Was ich will, ist eigentlich ganz einfach:
Ich habe eine Webseite mit z. B. einem Formular, ein paar buttons usw.
drücke ich z.B. einen Button, so soll mein Prozessor hinter dem Xport einen String gesendet bekommen, der z.B. "Licht 1 EIN" beinhaltet oder auch z.B. "Status Licht 1?". 
Der Prozessor schickt nach Abarbeiten des gesendeten Befehls eine Antwort wie z.B. "Status Licht 1 EIN" oder bestätigt das erste Beispiel mit "Licht 1 EIN.
Diese Hin und Her von Senden und auf Empfangen warten brauche ich, nicht mehr und auch nicht weniger.
Es dürfen über die RS232 keine HTML-Header oder so ankommen, diese bremsen nur, zumal ich sie nicht benötige.

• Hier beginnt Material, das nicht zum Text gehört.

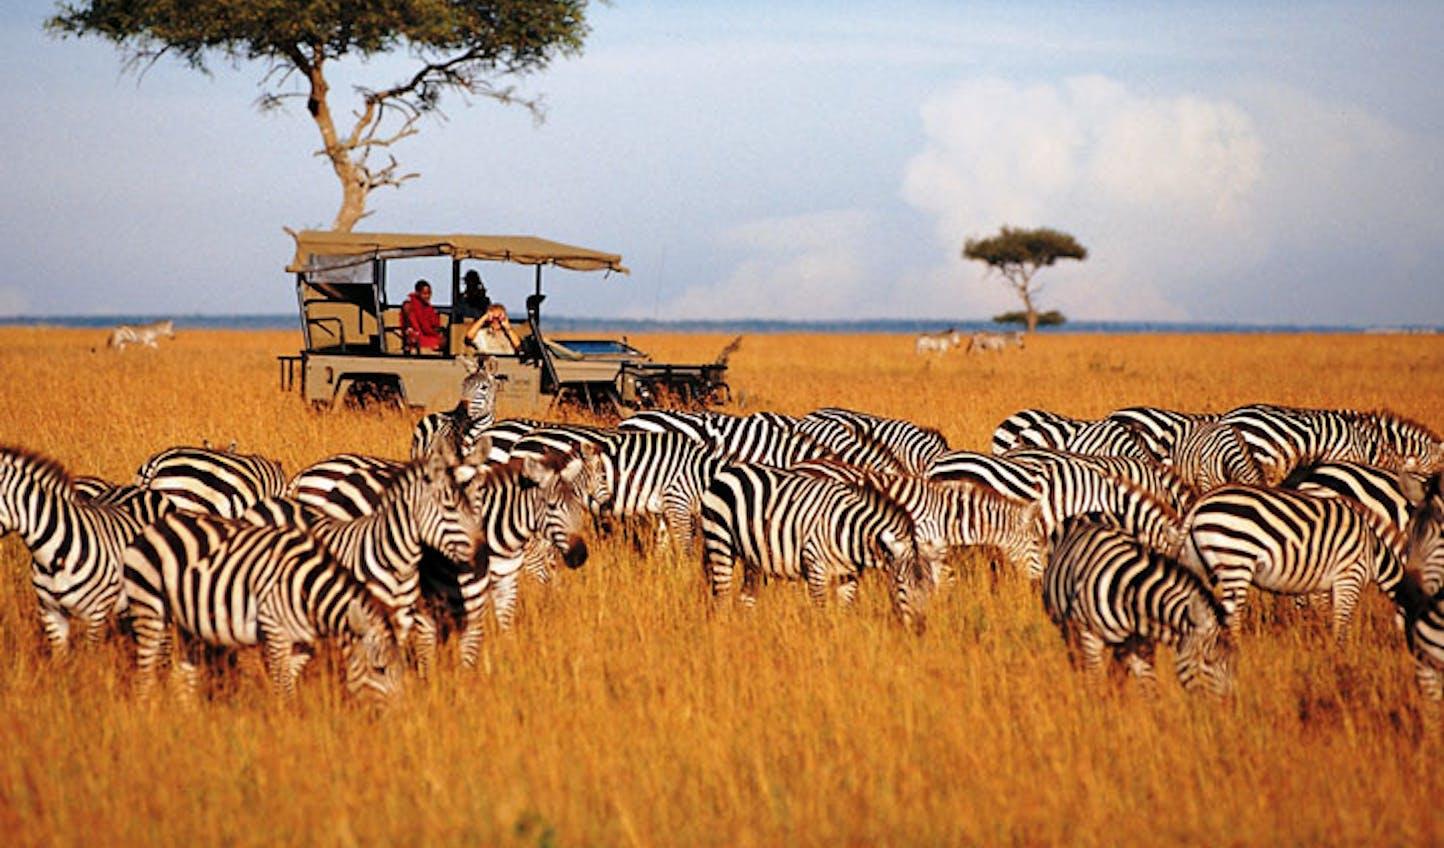 Safari jeep with zebra

Ich hoffe diese Erklärung war etwas hilfreicher, derartige Erklärungen sind nicht gerade meine Stärke!


----------



## Gast2 (7. Dez 2008)

Moin,

Du willst mit einem Applet Daten von XPort auslesen ... dem quasi die Webseite mit dem Applet überbügeln ... und dann willst Du auf einen Button klicken und dem XPort sagen "fang das Licht - halt es fest"?

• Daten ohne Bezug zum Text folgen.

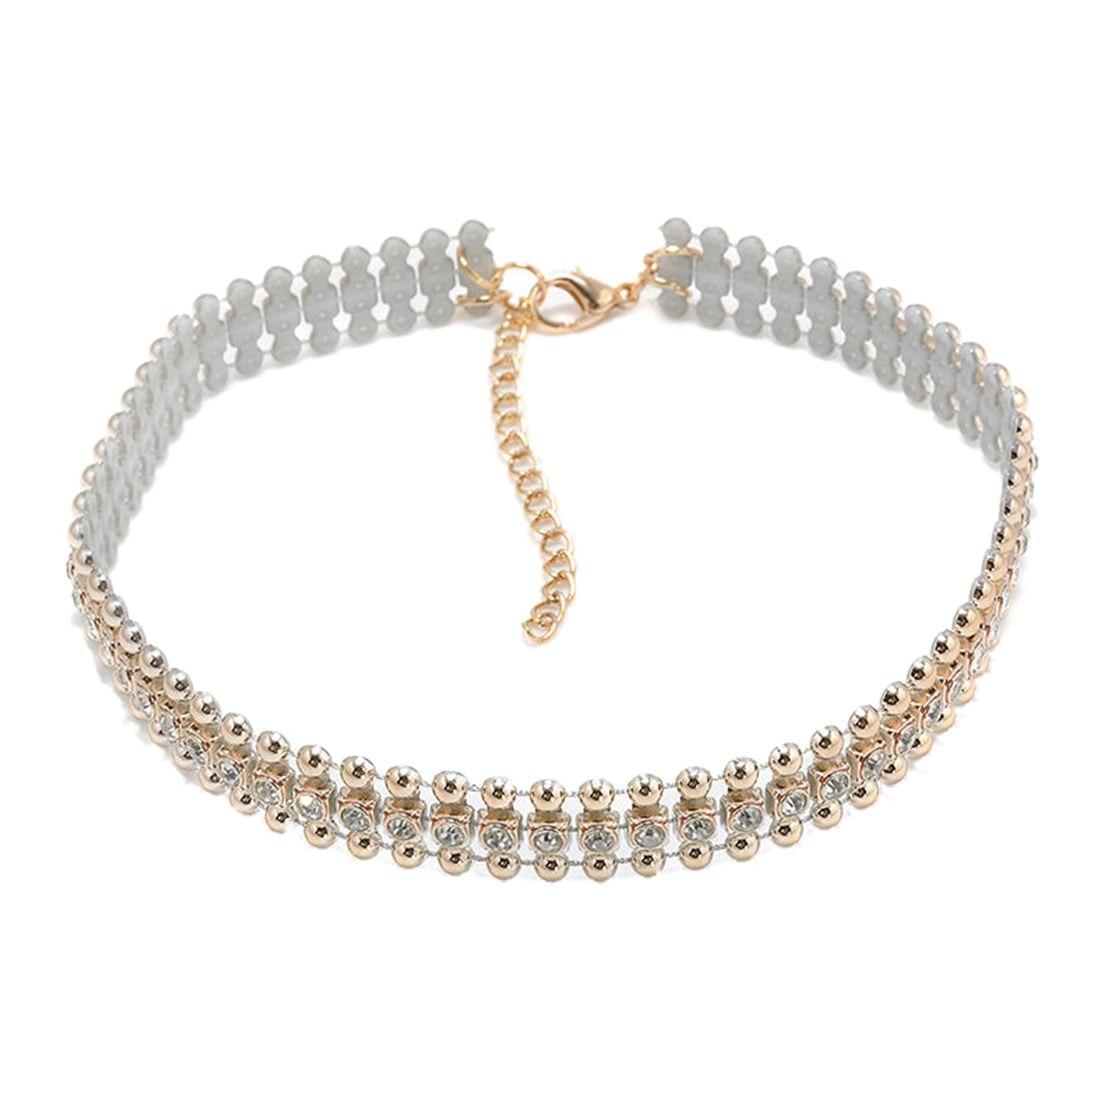 Women Choker Collar Gold Necklace Rhinestone Crystal Beads Pendant Chain font b Jewelry b font

Wozu zu Hölle willst Du da was mit Java-Script machen? Du kannst doch alles über das Applet machen?!

hand, mogel

PS: oder ich habe es immer noch nicht verstanden


----------



## Chris_Bayern (8. Dez 2008)

Moin,

Nicht so ganz das was ich meine.

Ich versuchs mal anders:
Ich habe eine kleine Html-Seite mit zwei Text-Eingabefeldern und einem Button.
Ich schreibe einen Text in das erste Eingabefeld.
Drücke ich jetzt den Button, so soll der eingegebene Text zum Xport geschickt werden. 
Vom Xport kommt nun ein Antwortstring, der in dem zweiten Eingabefeld wieder angezeigt wird.
Nachdem in der Antwort das Asciizeichen 13, also CR erkannt wurde, wird die Verbindung sofort beendet.
Kommt keine Antwort, so soll die Verbindung nach 1 bis 2 Sec. abgebrochen werden.

Es darf nur der Text des Eingabefeldes verschickt werden, keinesfalls irgendwelche HTTP-Header!

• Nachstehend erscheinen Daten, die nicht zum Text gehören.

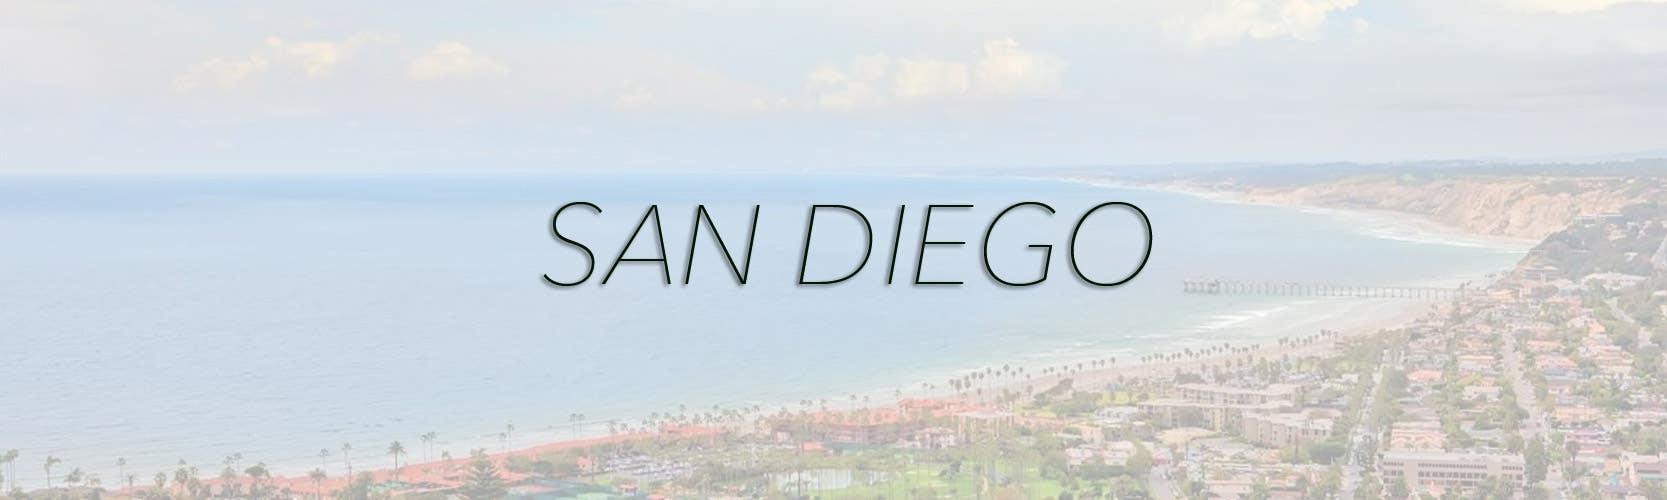 Crib for sale san diego - The Futon Shop San Diego

Wenn das ganze ohne Applet möglich ist, dann um so besser.

ICH BRAUCHE NICHT ZWINGEND EIN APPLET!!!

Herzlichen Dank für die Geduld!


----------



## Gast2 (8. Dez 2008)

Moin,

schau mal in das 4. (Deins) und 5. (meins) Posting ... da steht alles drinnen ... Du hast doch schon eine Kommunikation zwischen einem Applet/Webseite und Deinem XPort aufgebaut ... außerdem habe ich das Gefühl das Du Java und JavaScript verwechselst

hand, mogel


----------



## Chris_Bayern (9. Dez 2008)

Moin,

ch habe mir das ganze noch mal durch den Kopf gehen lassen und noch ein wenig in richtung Script gegoogelt.
War mir nicht bekannt, dass eine Socket-Verbindung auch mit einem "einfachen" Script realisierbar ist. Jedenfalls habe ich auch hierzu ein Beispiel gefunden, das soweit auch funktioniert, aber mit senden und Empfangen ist hier leider nix. Ein komplettes Beispiel mit senden und empfangen habe ich leider nicht gefunden, aber ggf. wird so klar, was ich machen möchte?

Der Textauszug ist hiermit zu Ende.